A particle has a velocity u towards east at `t=0`. Its acceleration is towards west and is constant. Let `x_A` and `x_B` be the magnitude of displacements in the first 10 seconds and the next 10 seconds

To solve the problem, we need to analyze the motion of the particle under constant acceleration.
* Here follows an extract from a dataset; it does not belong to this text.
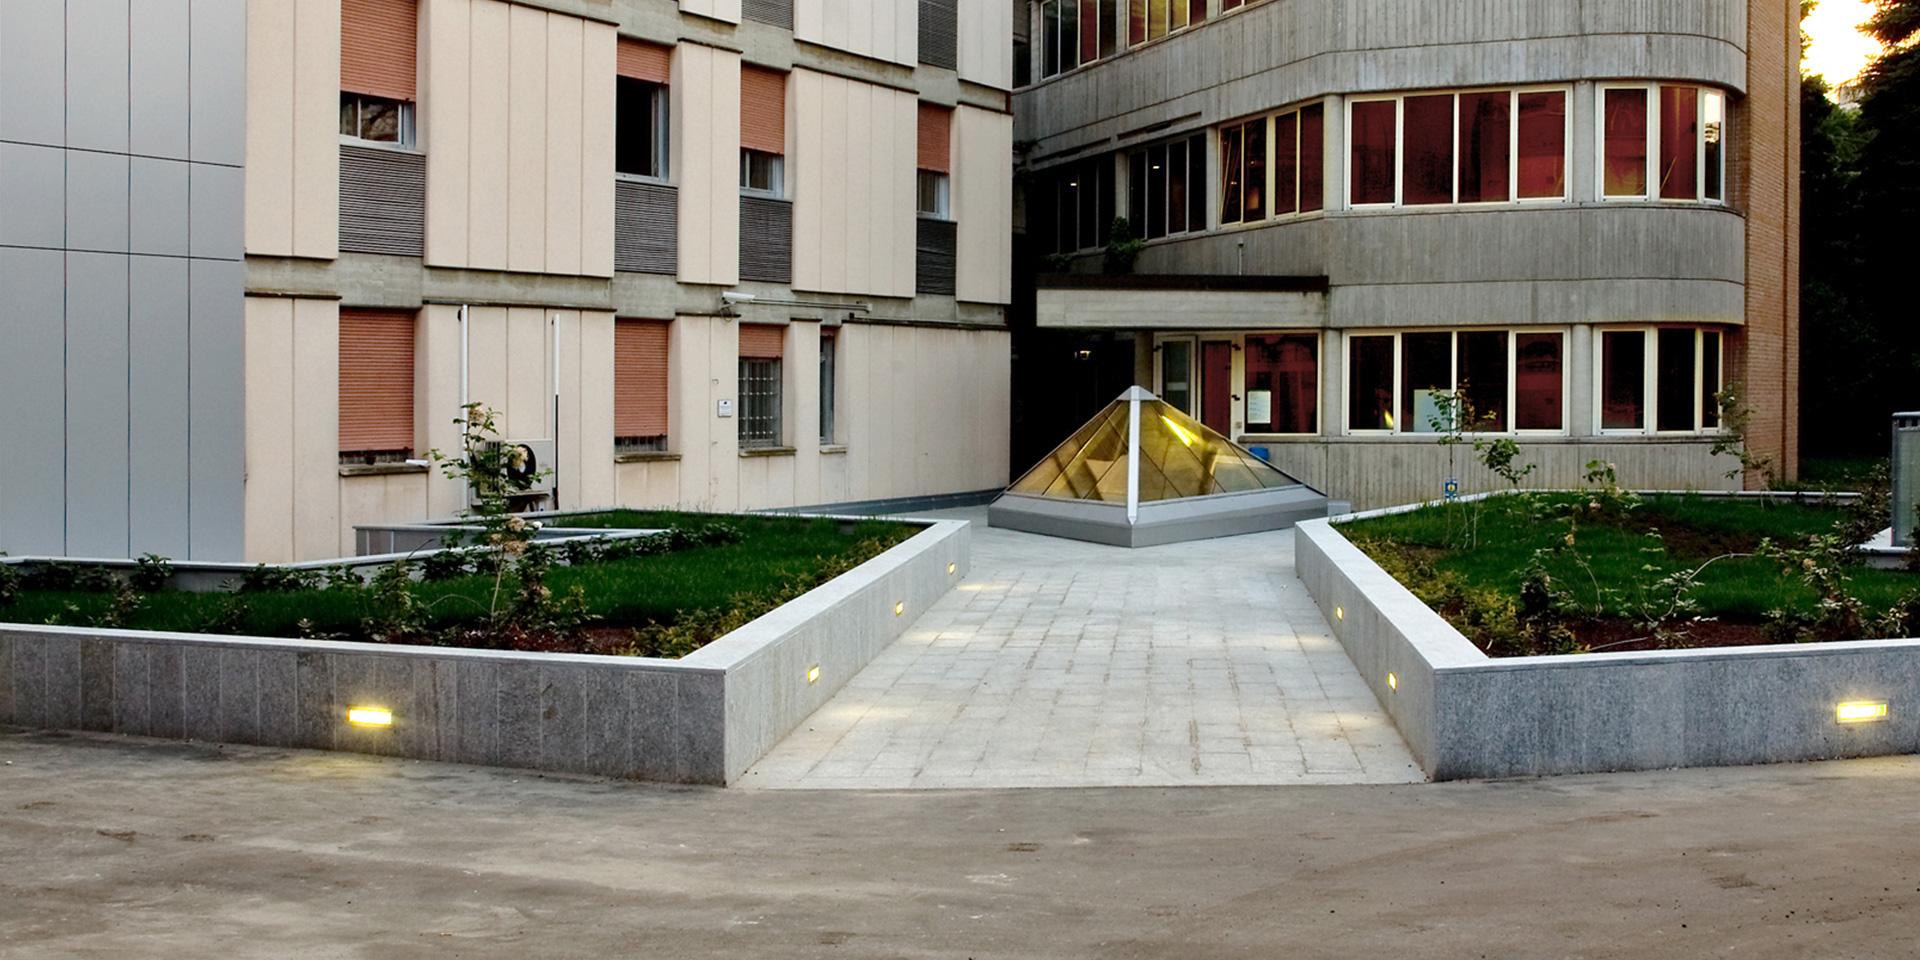 Potenziamento Casa di Cura Villa Verde a Reggio Emilia, Binini Partners, Società di architettura e ingegneria

The particle starts with an initial velocity \( u \) towards the east and has a constant acceleration towards the west. ### Step-by-step Solution: 1. **Understanding the Initial Conditions**: - At \( t = 0 \), the particle has an initial velocity \( u \) (towards the east). - The acceleration \( a \) is constant and directed towards the west (which we can consider as negative). 2. **Displacement in the First 10 Seconds**: - We can use the equation of motion for displacement under constant acceleration: \[ x_A = u t + \frac{1}{2} a t^2 \] - For the first 10 seconds, \( t = 10 \) seconds: \[ x_A = u \cdot 10 + \frac{1}{2} a \cdot (10)^2 \] - This simplifies to: \[ x_A = 10u + 50a \] 3. **Finding the Velocity After 10 Seconds**: - The velocity after 10 seconds can be calculated using: \[ v = u + at \] - Substituting \( t = 10 \): \[ v = u + 10a \] 4. **Displacement in the Next 10 Seconds**: - Now, we need to find the displacement from \( t = 10 \) seconds to \( t = 20 \) seconds. The initial velocity for this interval is \( v \) (which we found above): \[ x_B = v \cdot t + \frac{1}{2} a t^2 \] - Here, \( t = 10 \) seconds (for the next interval): \[ x_B = (u + 10a) \cdot 10 + \frac{1}{2} a \cdot (10)^2 \] - This simplifies to: \[ x_B = 10(u + 10a) + 50a = 10u + 100a + 50a = 10u + 150a \] 5. **Comparing Displacements**: - Now we have: \[ x_A = 10u + 50a \] \[ x_B = 10u + 150a \] - To compare \( x_A \) and \( x_B \): \[ x_B - x_A = (10u + 150a) - (10u + 50a) = 100a \] - Since \( a \) is negative (acceleration towards the west), \( x_B < x_A \). ### Conclusion: - Therefore, \( x_A > x_B \).